Testing DeepSomatic’s skill to identify cancer-related variants
We skilled DeepSomatic on three of the breast most cancers genomes and the 2 lung most cancers genomes within the CASTLE reference dataset. We then examined DeepSomatic’s efficiency in a number of methods, together with on the one breast most cancers genome that was not included in its coaching knowledge, and on chromosome 1 from every pattern, which we additionally excluded from the coaching.
Outcomes present that DeepSomatic fashions developed for every of the three main sequencing platforms carried out higher than different strategies, figuring out extra tumor variants with greater accuracy. The instruments used for comparability on short-read sequencing knowledge had been SomaticSniper, MuTect2 and Strelka2 (with SomaticSniper particularly for single nucleotide variants, or SNVs). For long-read sequencing knowledge we in contrast towards ClairS, a deep studying mannequin skilled on artificial knowledge.
In our exams DeepSomatic recognized 329,011 somatic variants throughout the six reference cell traces and a seventh preserved pattern. DeepSomatic does significantly nicely at figuring out most cancers variations that contain insertions and deletions (“Indels”) of genetic code.
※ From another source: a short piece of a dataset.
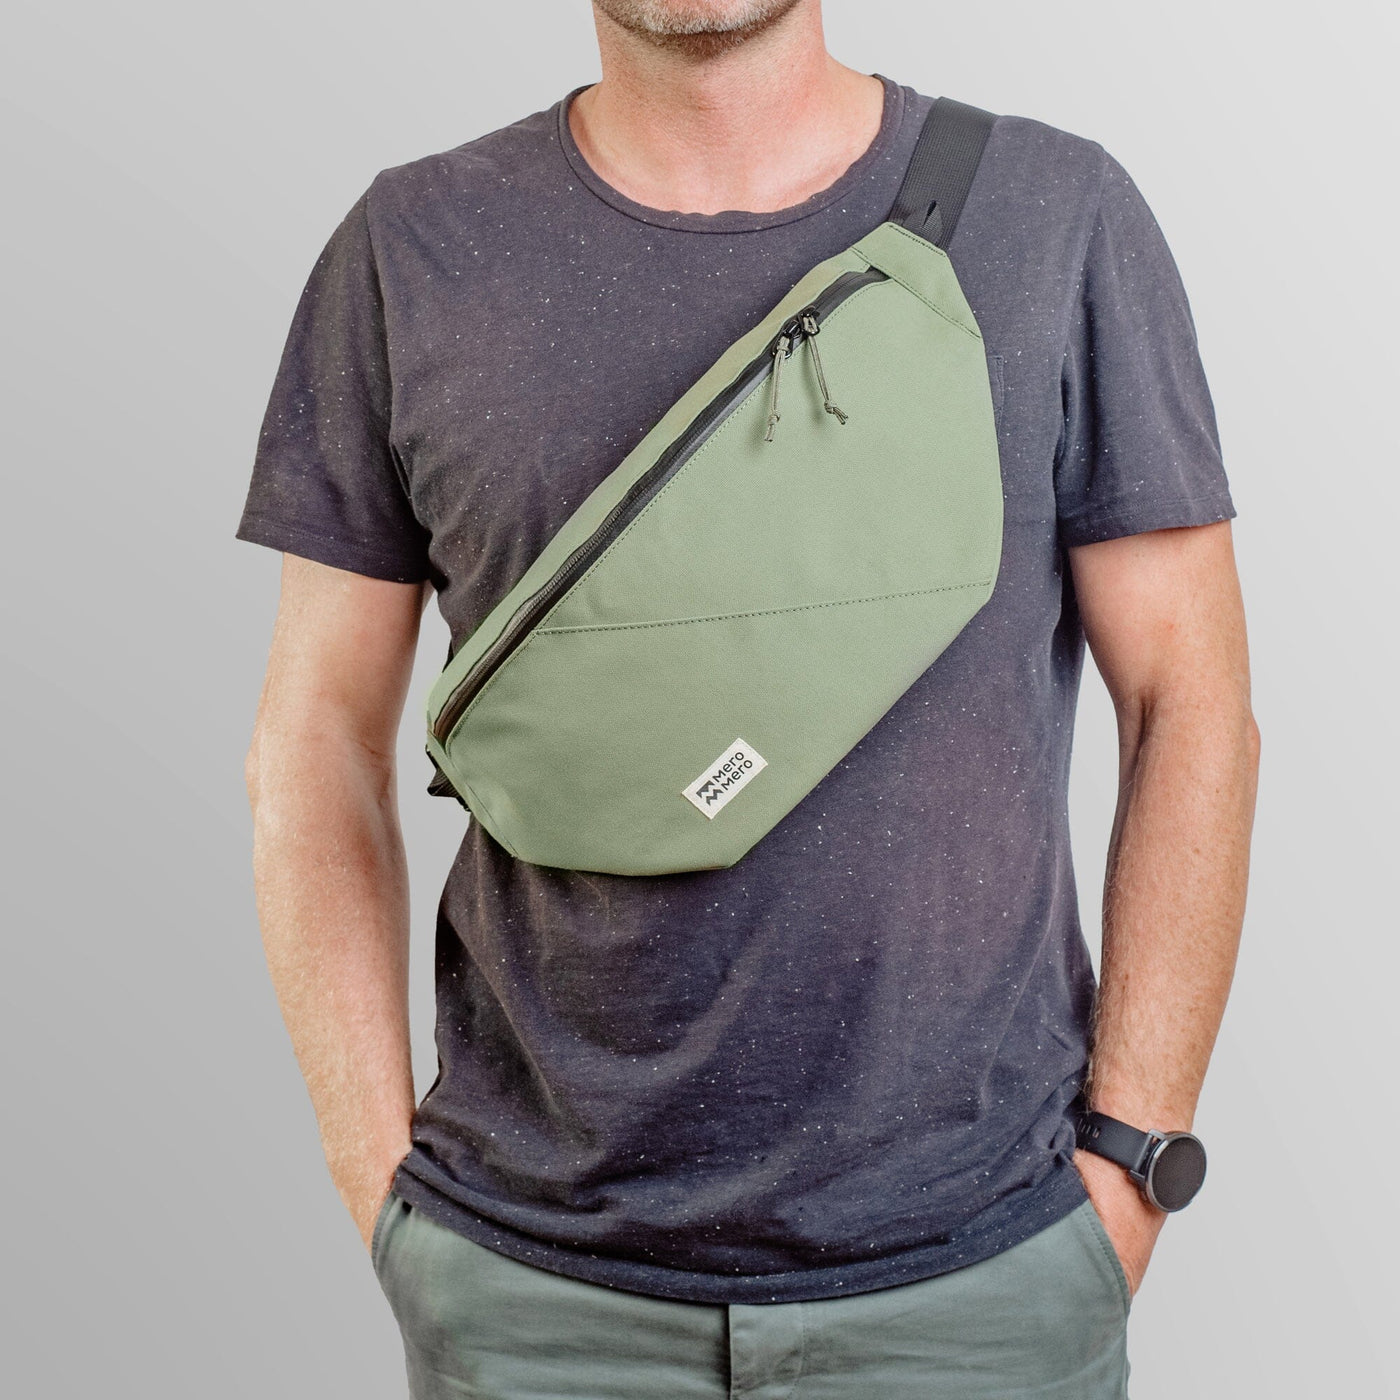 man wearing mero mero hoian recycled bum bag as cross body bag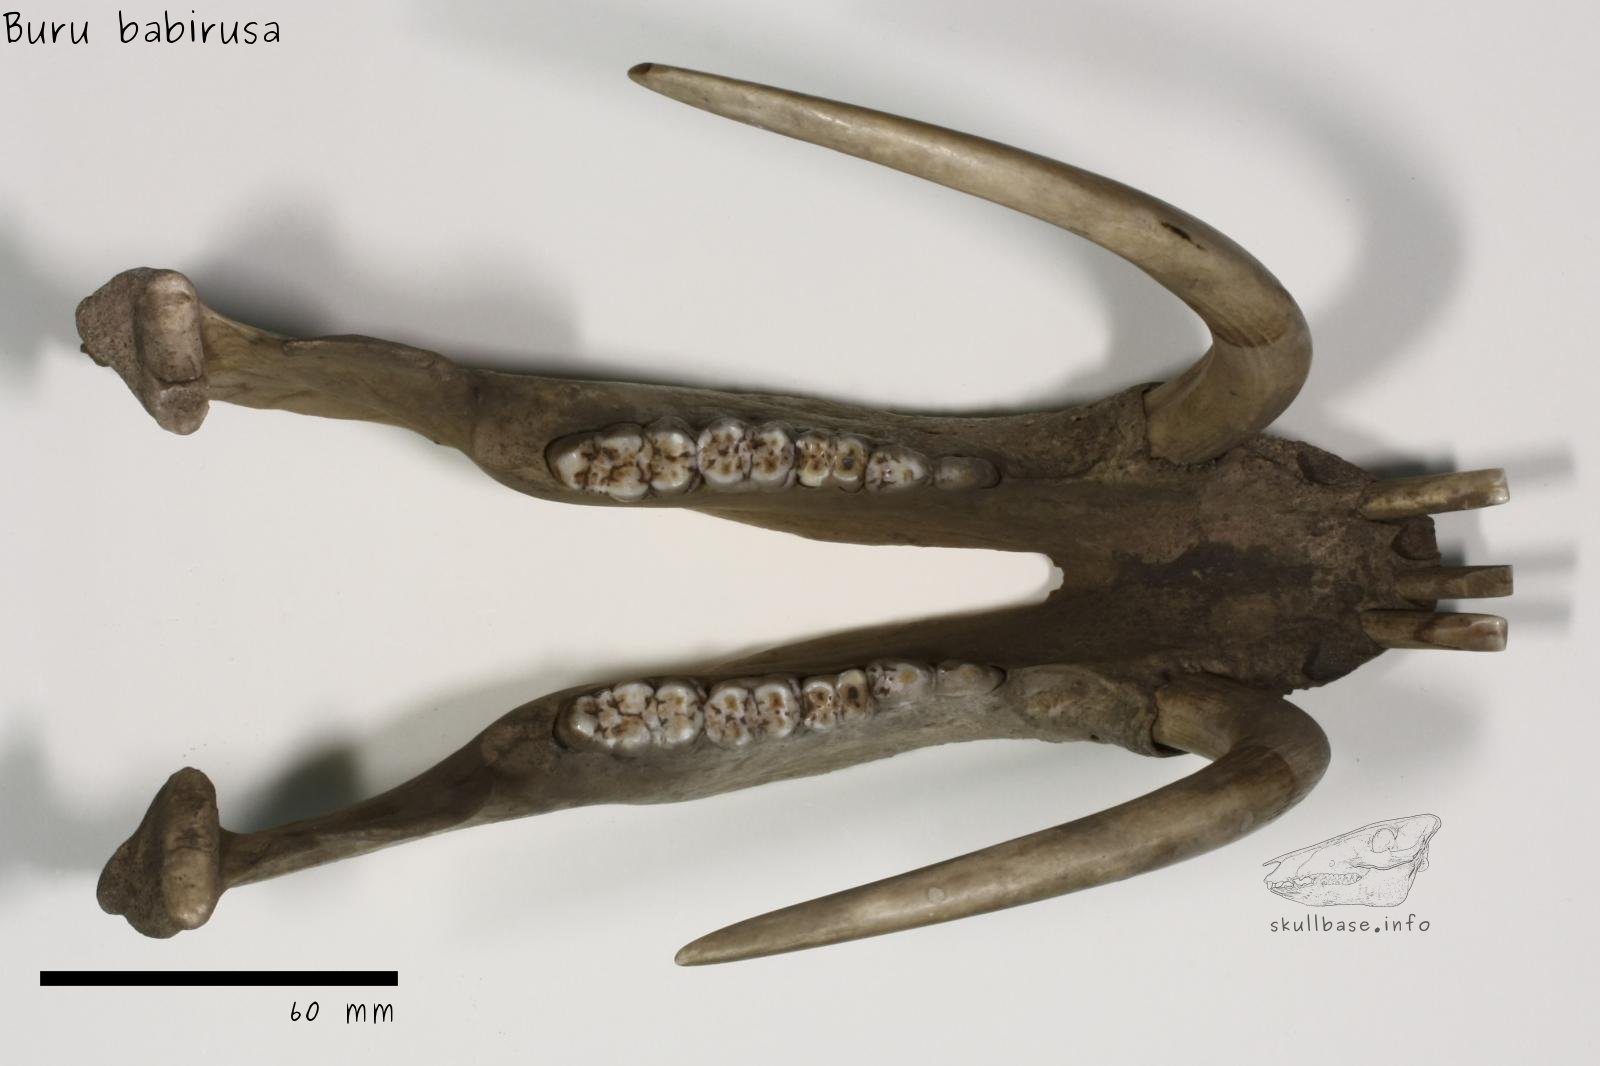 Buru babirusa (Babyrousa babyrussa) jaw

For a lot of these variants, DeepSomatic considerably elevated the F1-score, a balanced measure of how nicely the mannequin finds true variants in a pattern (recall) whereas not making false positives (precision). On Illumina sequencing knowledge the next-best methodology scored 80% at figuring out Indels, whereas DeepSomatic scored 90%. On Pacific Biosciences sequencing knowledge, the next-best methodology scored lower than 50% at figuring out Indels, and DeepSomatic scored greater than 80%.